The Bank should introduce some paragraphs in its commentary on rates of money and credit growth. They should explain why they think fast growth in these aggregates will not on that occasion produce inflation. Today they need to comment on whether there is enough money and credit around, given the slowdown and the dramatic change in money policy they have put the economy through.




The prime task of Central banks is to support commercial banks

Keeping inflation to 2% is a crucial role of the Bank of England, ECB and Fed. As events in the USA have just shown, it is however less important that avoiding banking collapse. Since Silicon Valley Bank got into trouble the Fed has made a huge change to its money policy, flipping from ultra tight with plenty of money withdrawal by selling bonds, to a large easing   with $300 bn of loans to commercial banks. It had to make the switch as it is the first duty of a Central Bank to provide cash to commercial banks so they can honour their deposits if a lot of people all want to withdraw at the same time.

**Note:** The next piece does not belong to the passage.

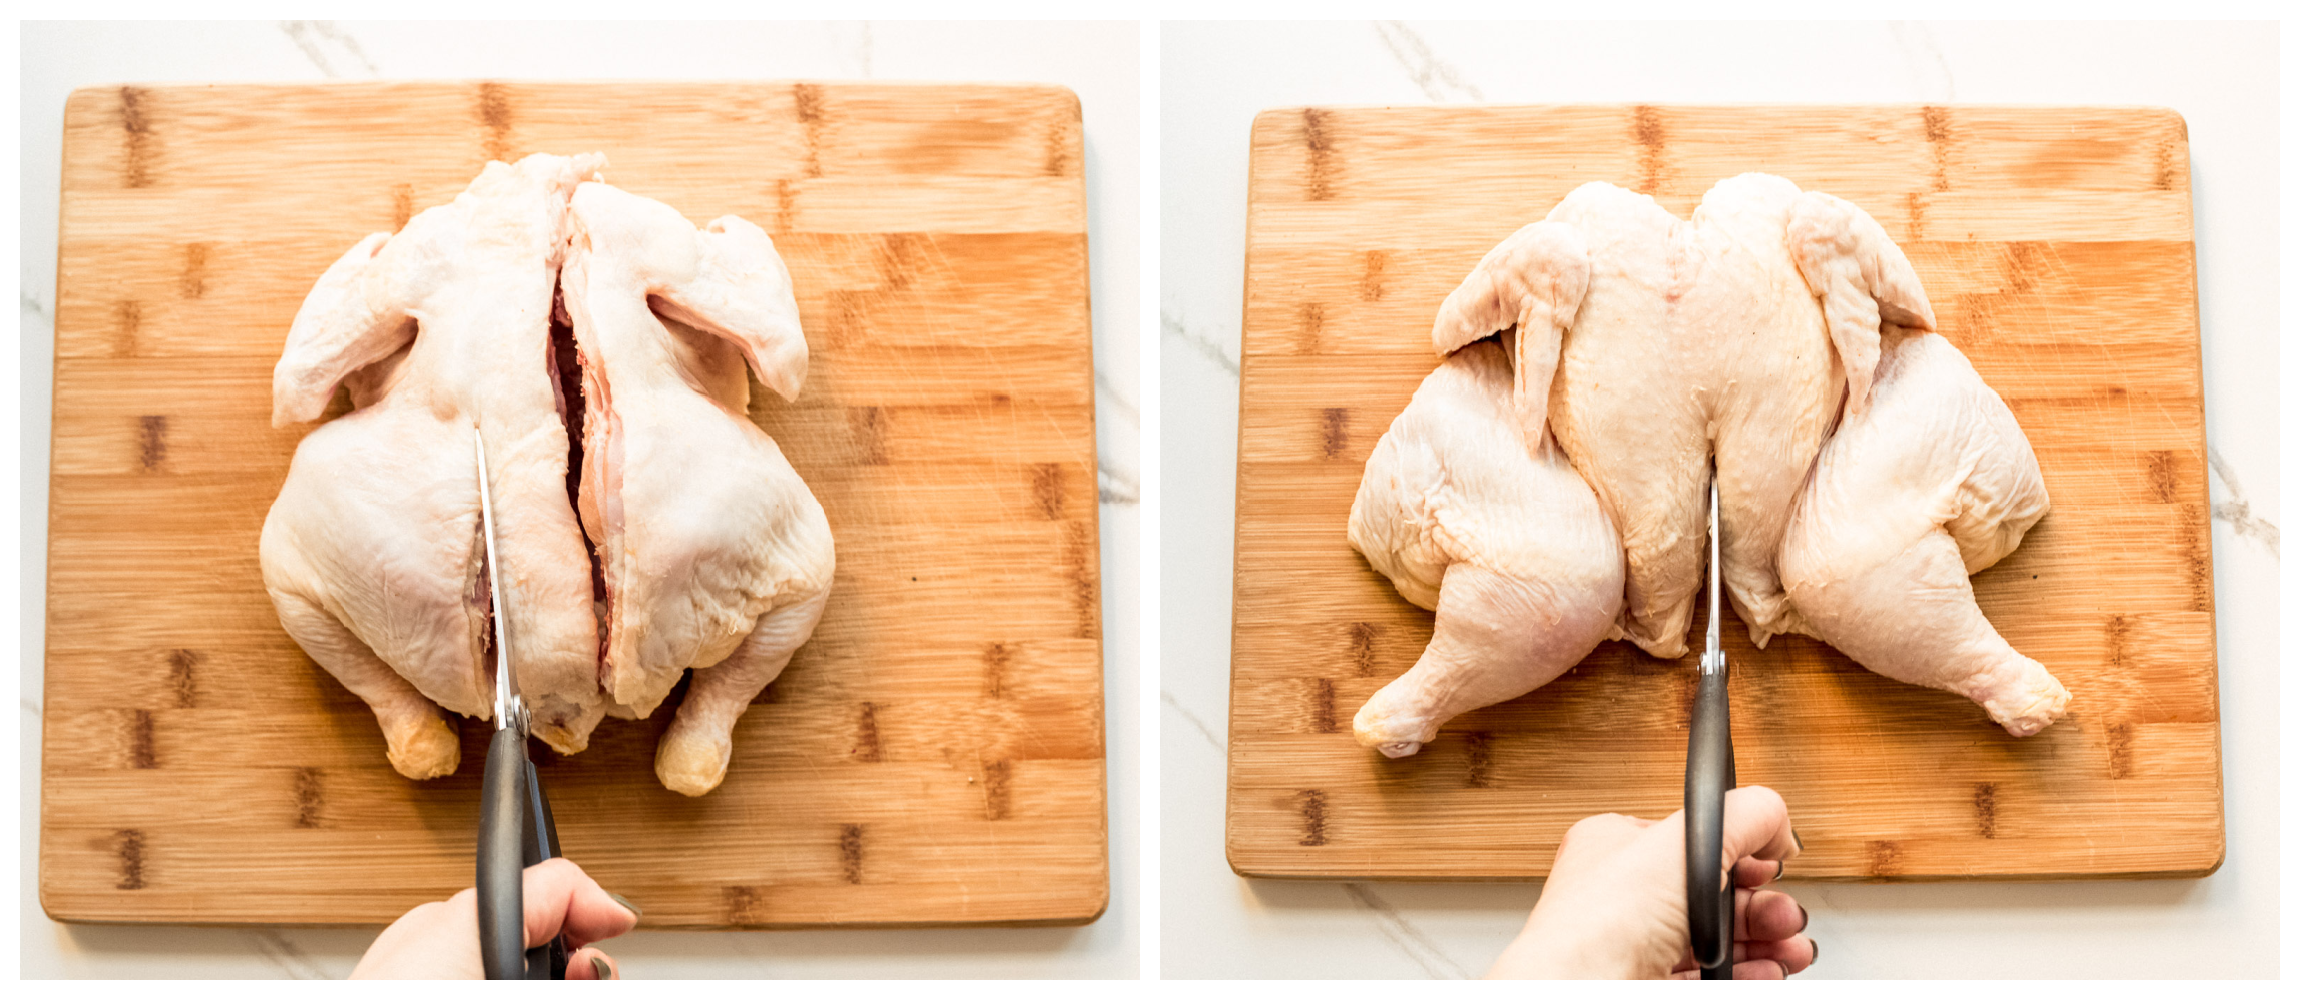 instructions on how to split chicken in half.

The decision to shift to a much easier money policy in the short term was screened by still continuing with a 25 bp or 0.25% interest rate hike. The Fed wished to reassure some that it is still battling inflation, whilst reassuring others that their deposits are safe. Silicon Valley Bank had got into trouble because the Fed has raised rates so much, losing SVB money on the bonds it held. It is a reminder that shifting money policy to too tough brings different kinds of problems.

All the Central banks need to review where they are in money tightening and in bringing down inflation. There are always lags – it takes time to get inflation down by raising rates and throttling credit. It is important not to overdo the tightening as that can undermine banks as it  hits the affordability of credit and the value of bank investment holdings in bonds. They will all need to make sure plenty of cash is available to any bank that comes under unwelcome pressure to repay deposits, as that is the way to make sure there is no such run.